_GIVEN INFORMATION_
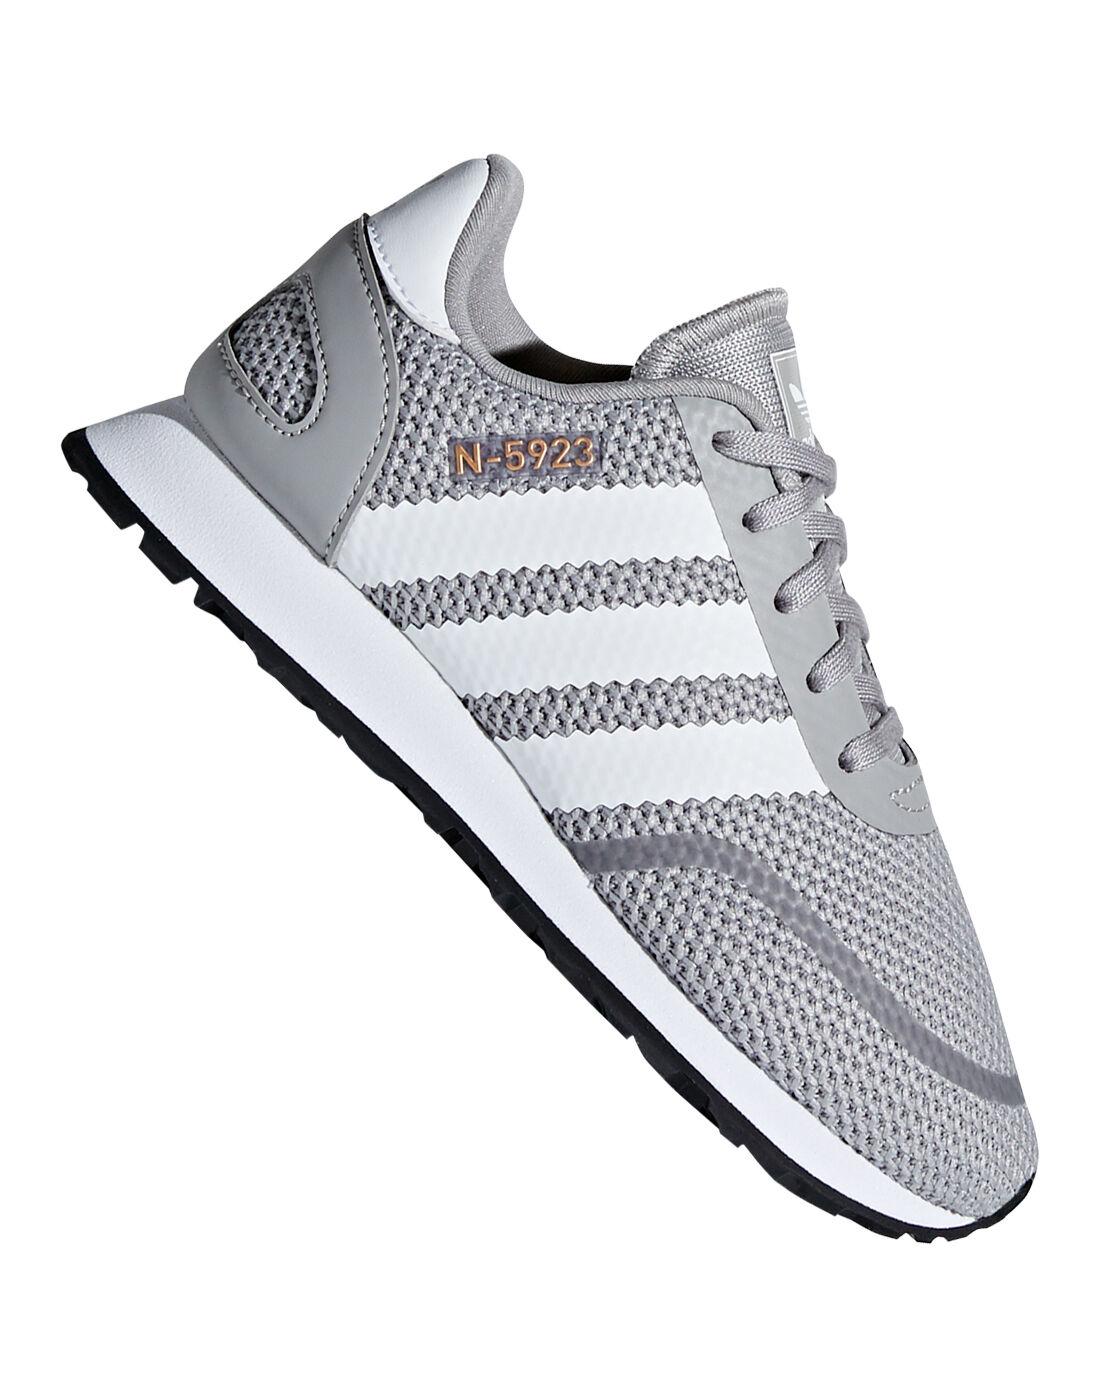 adidas originali più piccoli n 5923 grey dello stile di vita sportiva
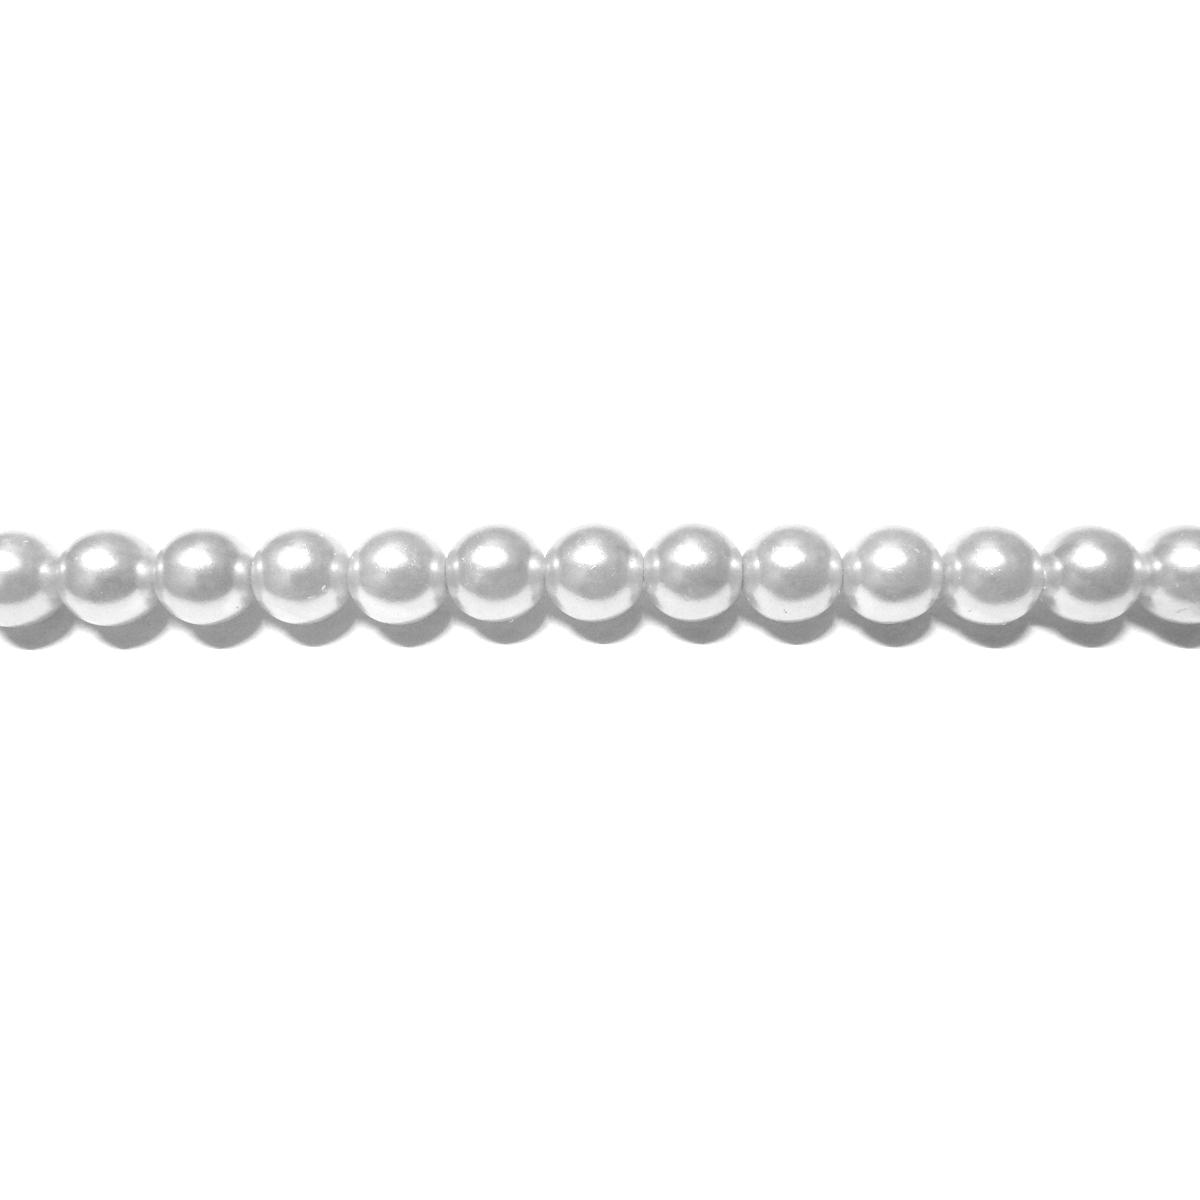 Perla Cristal Redonda 3mm - Color Blanco
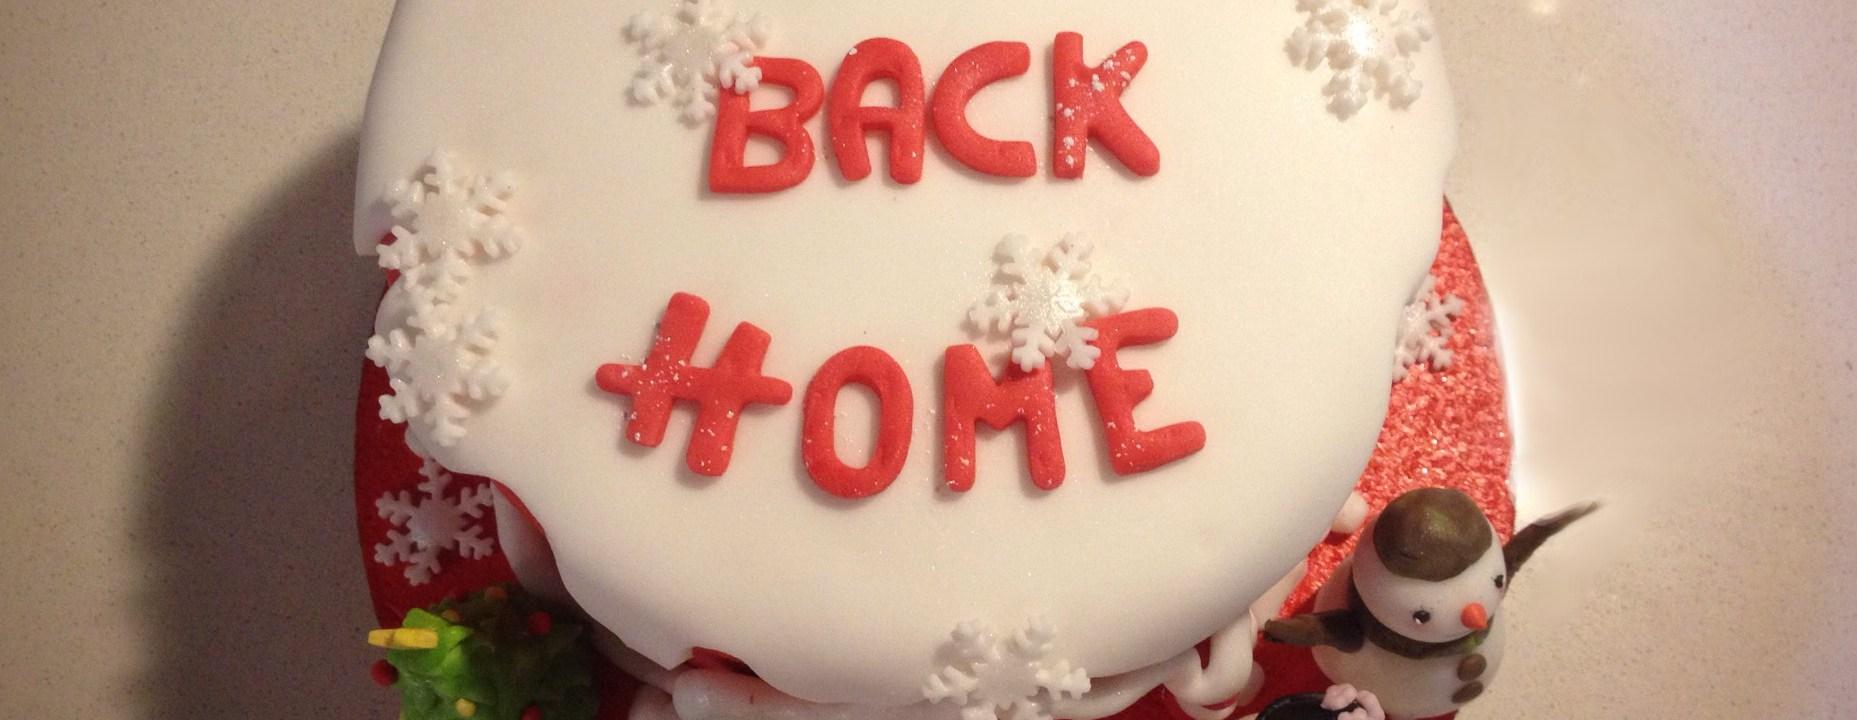 Eccomi di nuovo qui... con una torta di bentornato
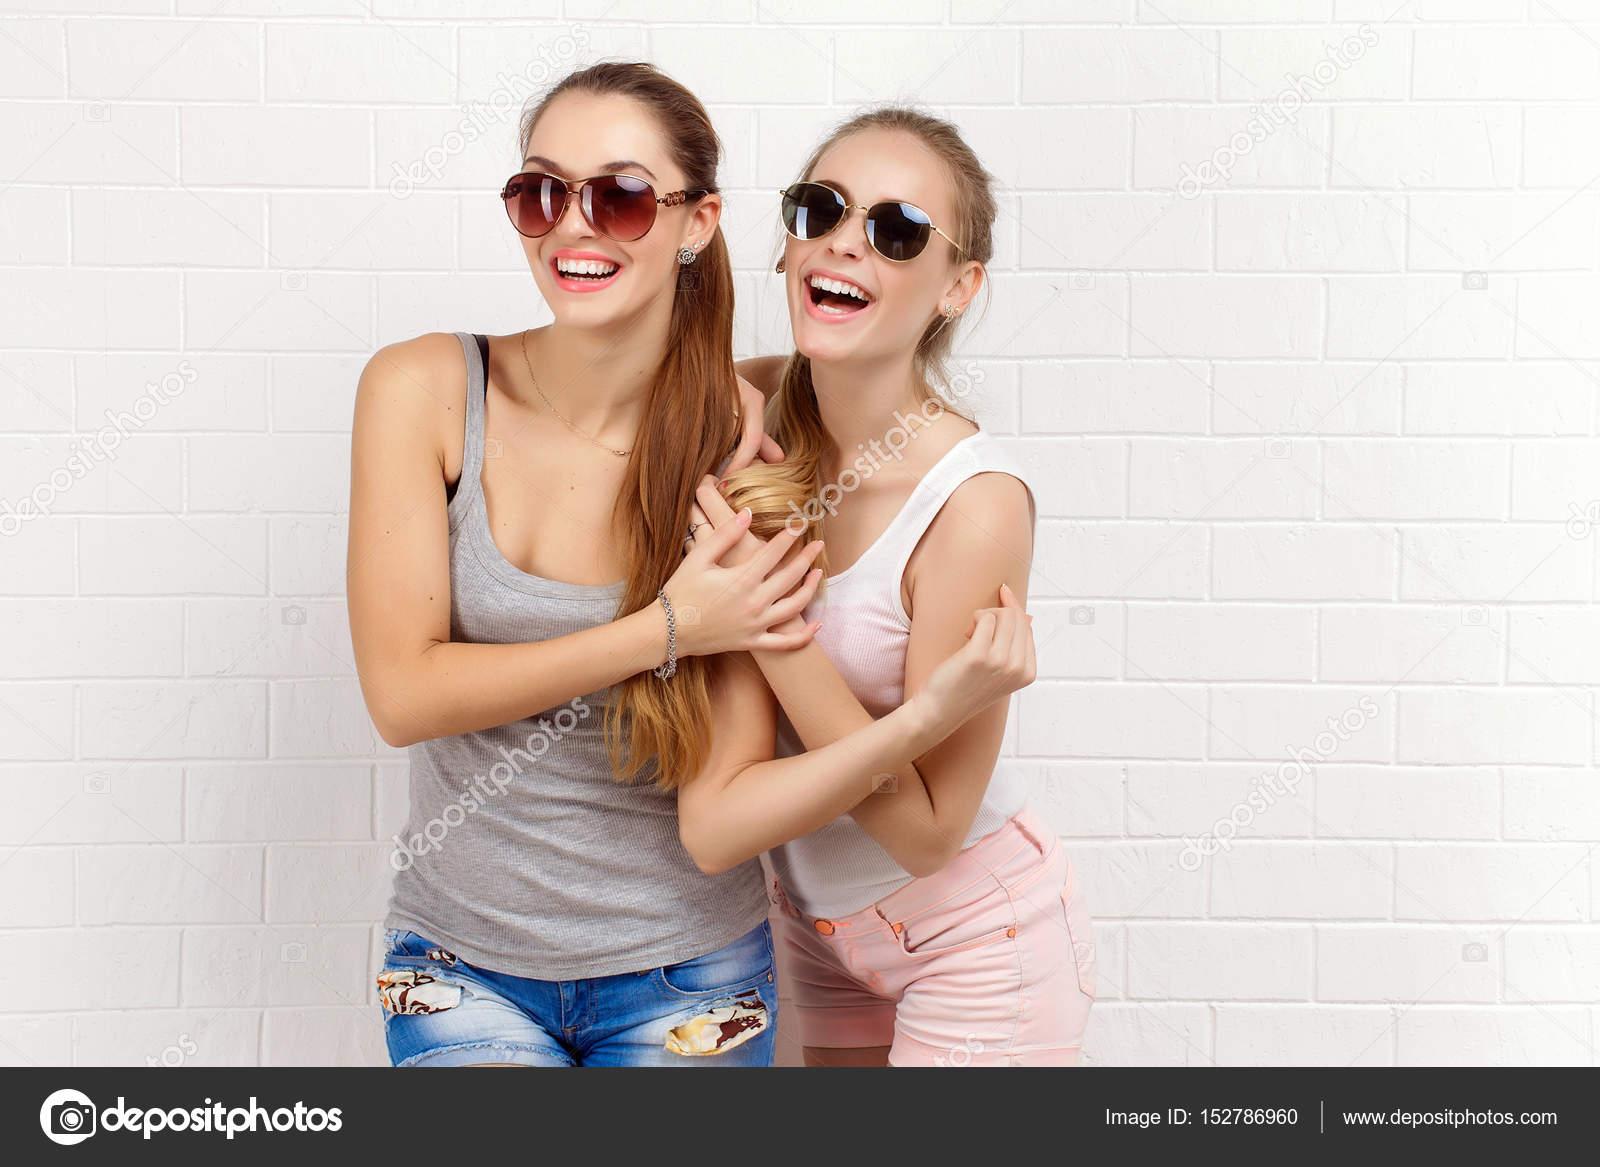 Mode portrait de deux amis qui posent. mode de vie moderne. deux filles  élégantes hipster sexy meilleures amies prêts pour le parti. Deux jeunes  amis de la ... 2fefef71472a

_INSTRUCTIONS FOR THE TASK_
Return all the material exactly, skipping pictures.

_ANSWER TO THE PROBLEM_
 adidas originali più piccoli n 5923 grey dello stile di vita sportiva
 Perla Cristal Redonda 3mm - Color Blanco
 Eccomi di nuovo qui... con una torta di bentornato
 Mode portrait de deux amis qui posent. mode de vie moderne. deux filles  élégantes hipster sexy meilleures amies prêts pour le parti. Deux jeunes  amis de la ... 2fefef71472a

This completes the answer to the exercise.